Basel, Switzerland: UBS will continue to bleed client money despite lower first-quarter withdrawals, CEO Oswald Gruebel told investors gathered to vote on bonuses and plans to exonerate management for the bank’s crisis.
Chief executive Gruebel, hired just over a year ago to turn around UBS, told a packed shareholder meeting that stopping clients pulling cash from its key wealth management division was a priority. But the bank had not yet succeeded in restoring trust, especially in Switzerland.
“We must, however, assume that we will have to accept further outflows before we can turn this trend around,” he told the annual general meeting of the bank, which has a new team of executives mainly brought in by Gruebel.
More than $50 billion of writedowns on credit losses drove UBS to its biggest annual loss in 2008 and threatened its survival, prompting state intervention.
The bank has also been the target of a high-profile US tax fraud investigation.
UBS paid 3 billion Swiss francs in cash bonuses in 2009 despite annual net losses of 2.7 billion francs ($2.6 billion). But Gruebel, who did not take a bonus, defended the hefty pay cheques as a way for the bank to attract and retain staff during a tough restructuring.
“To do so we need specialists and executives whose price is determined by the global market,” he said as investors prepare to give a non-binding vote on the bank’s 2009 bonuses. “This is a reality that we must acknowledge if we want UBS to compete globally, generate value for shareholders and remain an attractive employer.”
Chairman Kaspar Villiger, a former Swiss finance minister who joined the bank in March, strongly rejected criticism of UBS’s remuneration policy, saying curbing variable pay would take away the banks’ “chances of recovery and survival.”

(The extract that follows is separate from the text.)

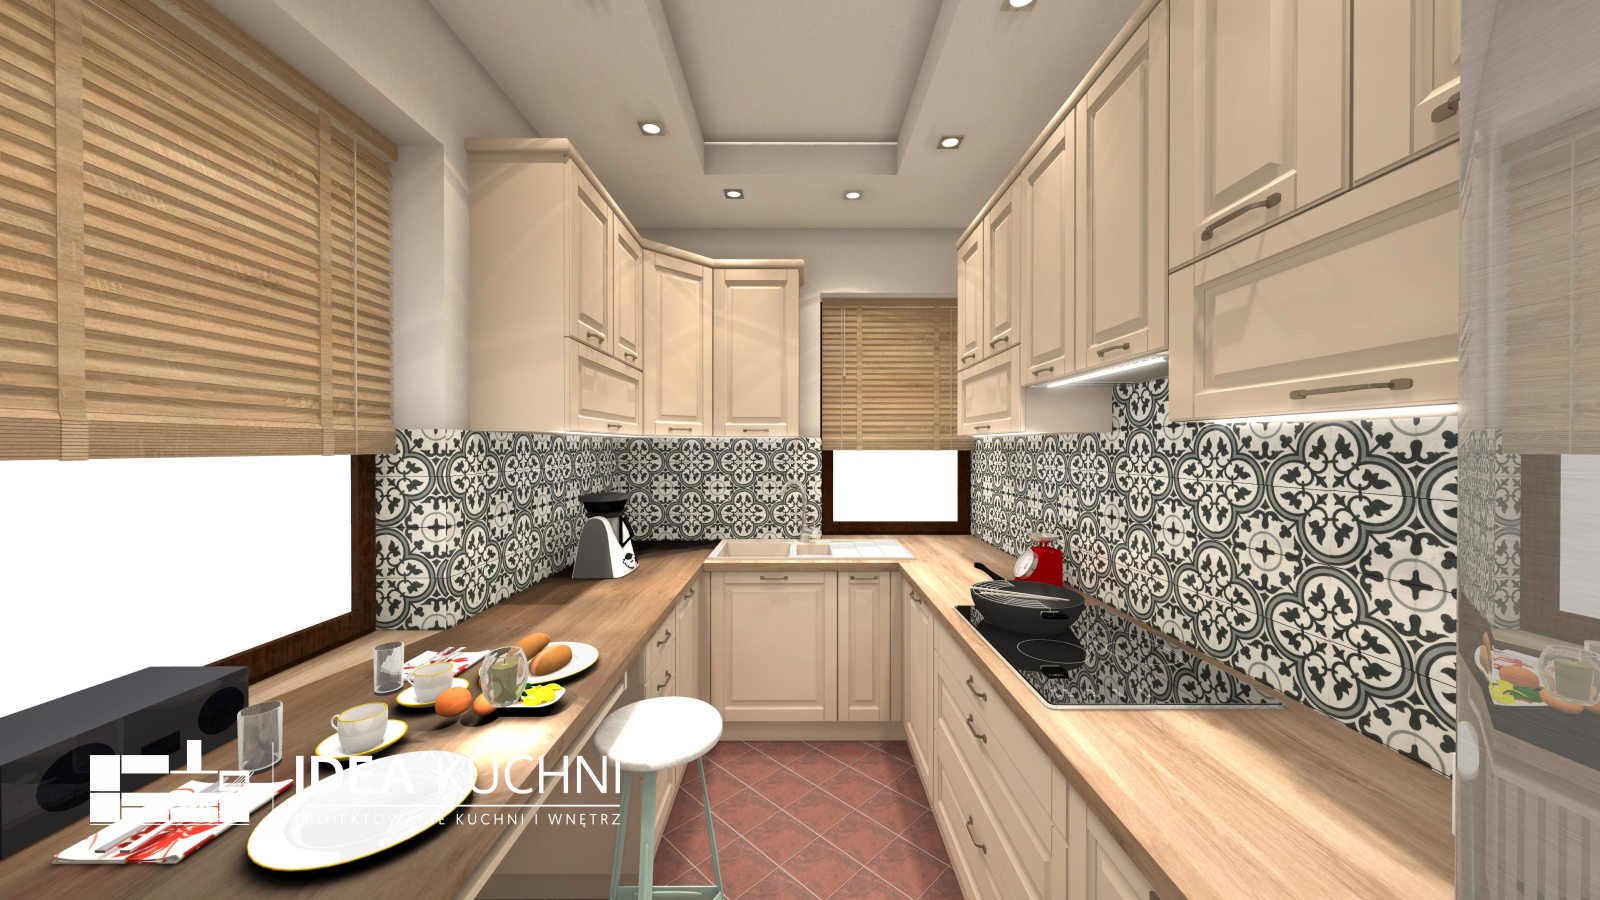 Kuchnia klasyczna Michałowice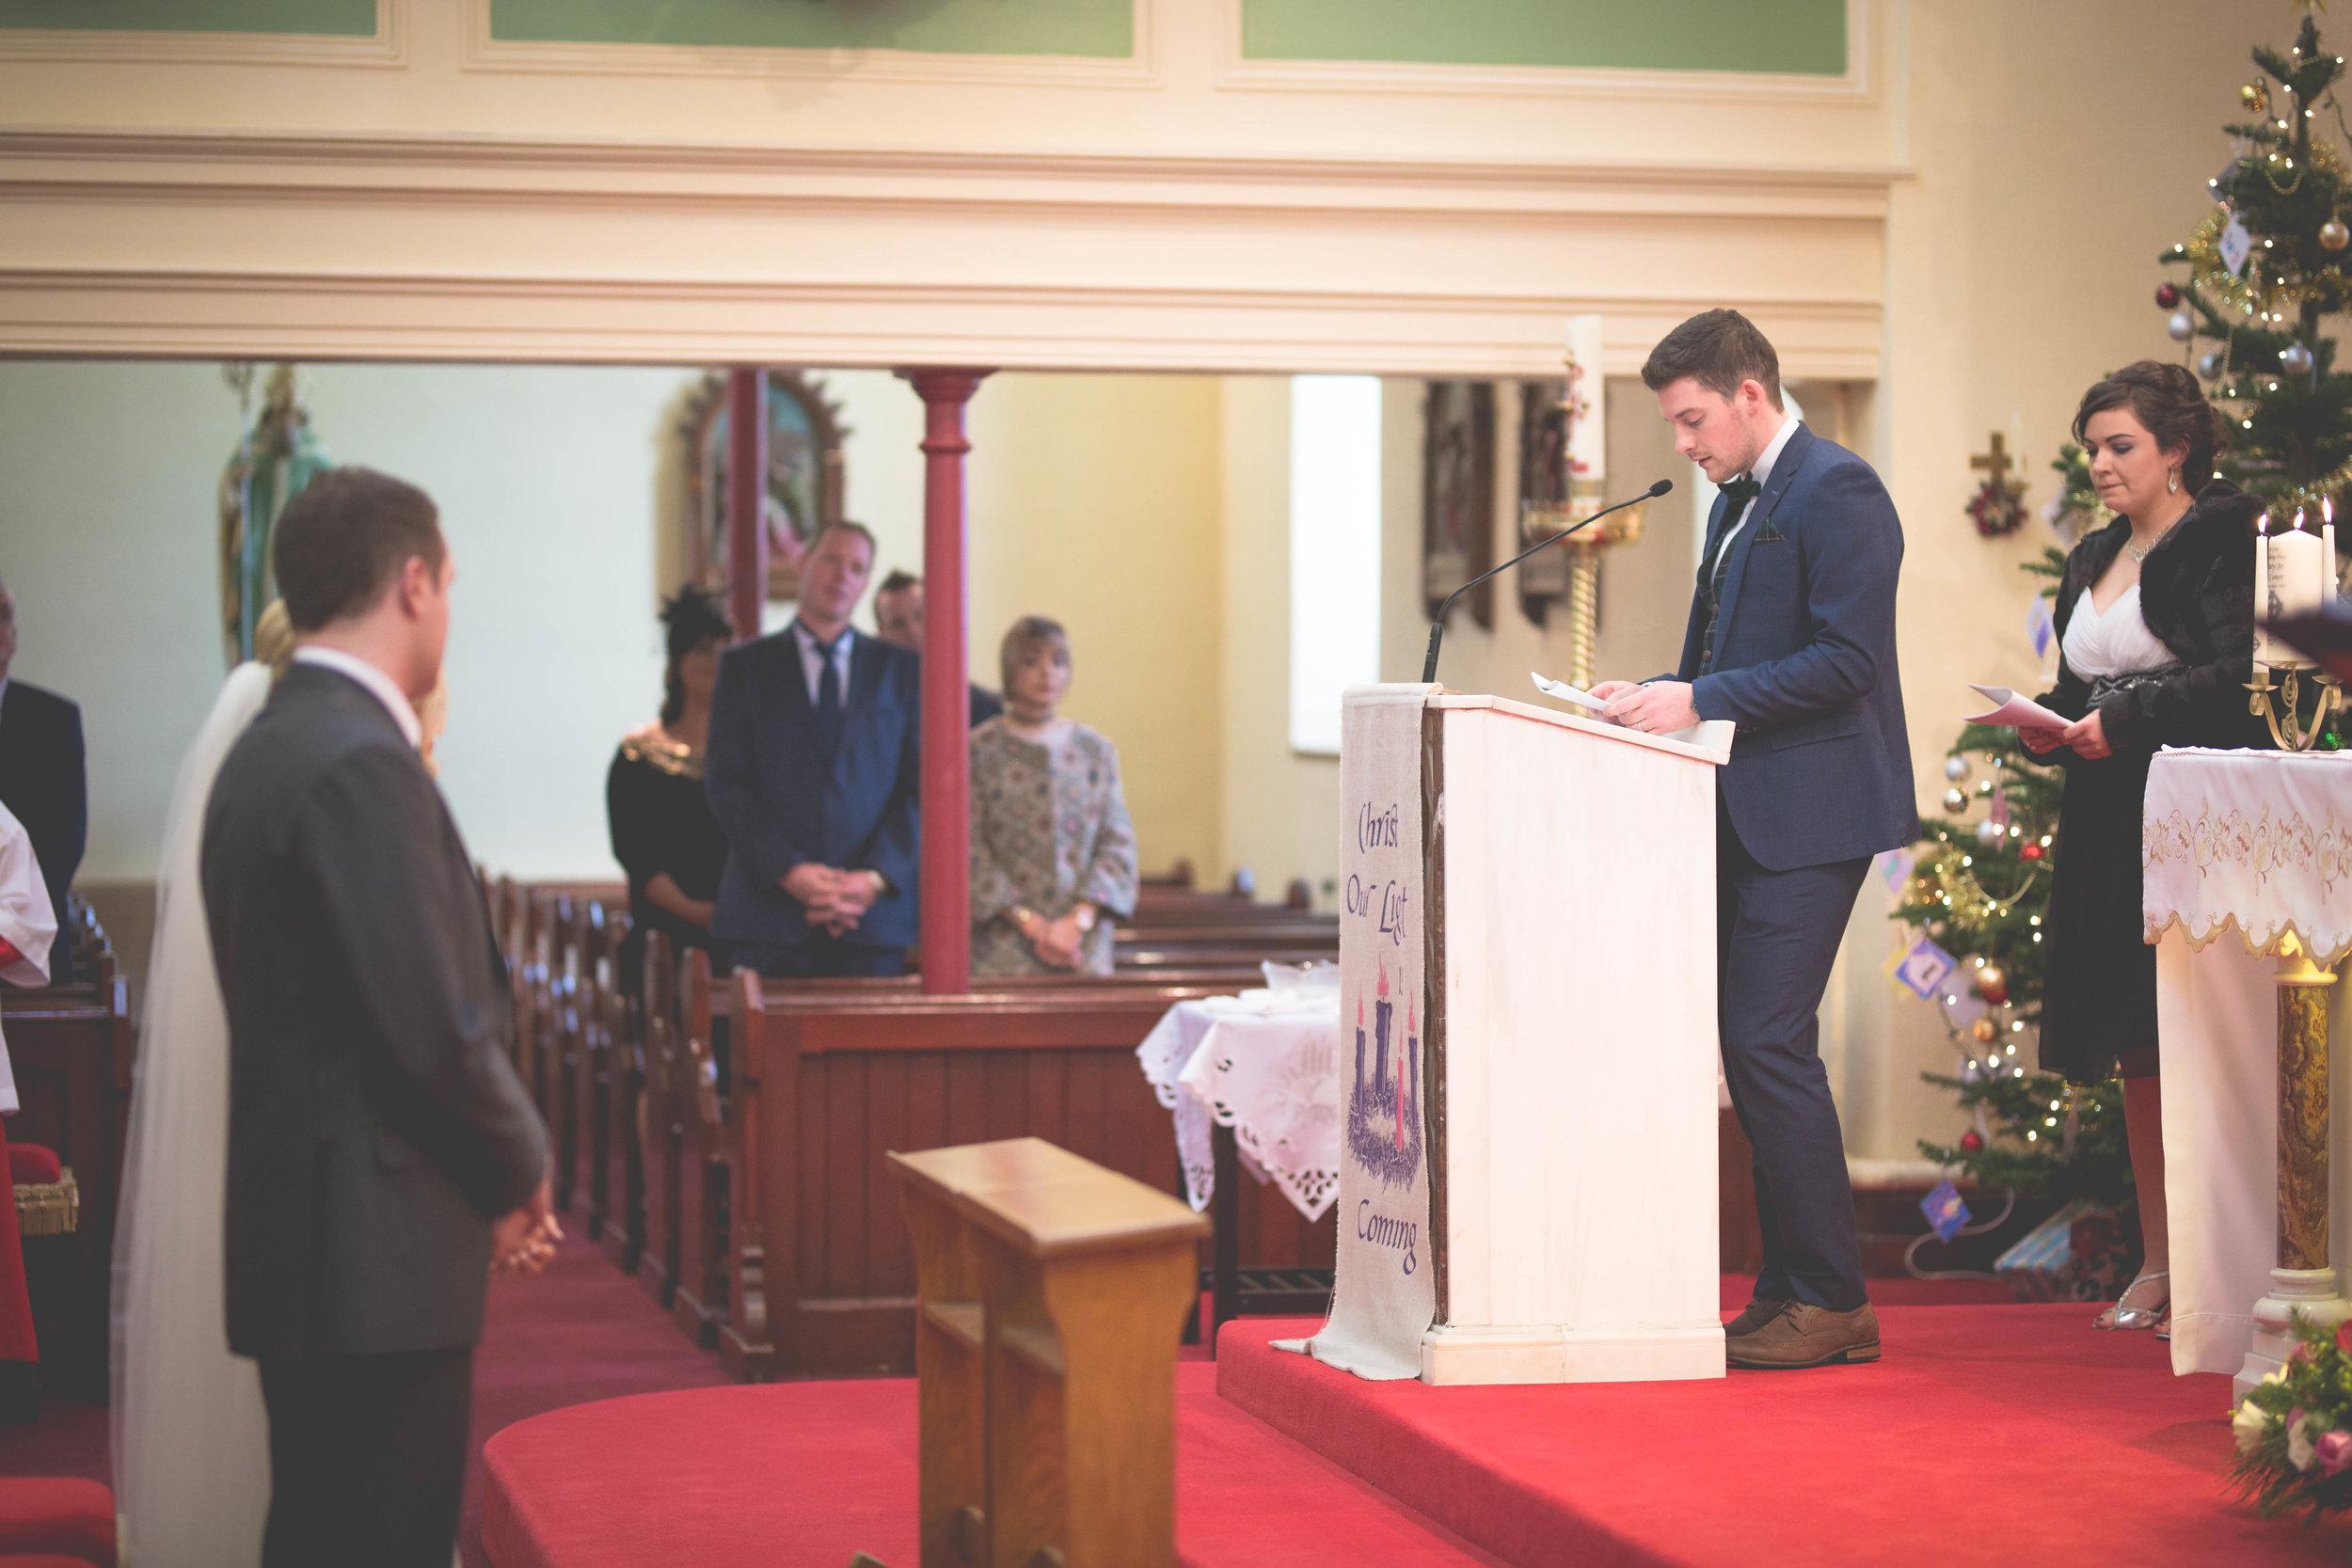 MaryJo_Conor_Mageean_Ceremony-77.jpg

Management exoneration in question
Most investors may in the end turn a blind eye on the issue in the light of progress made, some have said, but the vote on discharging management responsibilities for 2007, the year of risky bets on subprime products, looks particularly tight.
A rejection could theoretically pave the way for legal action against then chairman Marcel Ospel, who has become a hate-figure for the Swiss public, and chief executive at the time, Peter Wuffli, unless new evidence emerges.
“Primitive societies would sacrifice their elite to appease the gods, and that’s what some Swiss would like to do to Ospel and company today,” said Peter Thorne, an analyst with Helvea. “It’s a human instinct but let’s hope were beyond that now.”
The importance of such an historic rejection would, however, be largely symbolic, as the bank has already decided not to seek compensation from former executives, and individual shareholder action is costly.
Shares in UBS traded 1.3% higher at 18.29 by 1002 GMT, up from 18.11 francs shortly after the contents of Gruebel’s speech were made public. Credit Suisse stock was down 0.6% and the STOXX European banks index was 0.2% higher.
Top bankers have said Gruebel needs a few months of calm and an end to negative headlines to restore client confidence in the franchise fully and to stop an exodus of financial advisors.
That will depend on the fate of a deal struck with the United States last year to end a bitter tax investigation that has shaken customers’ trust and dealt a blow to Switzerland’s traditional bank secrecy. Parliamentary approval is needed.
Chairman Kaspar Villiger said in his speech that he was “very concerned” about the future of the US tax deal.
The right-wing SVP, Switzerland’s biggest party, has said it will vote against the deal, while the Social Democrats, whose vote could make or break the deal, signalled on Tuesday they might back it if the government introduces tax curbs on bankers’ bonuses.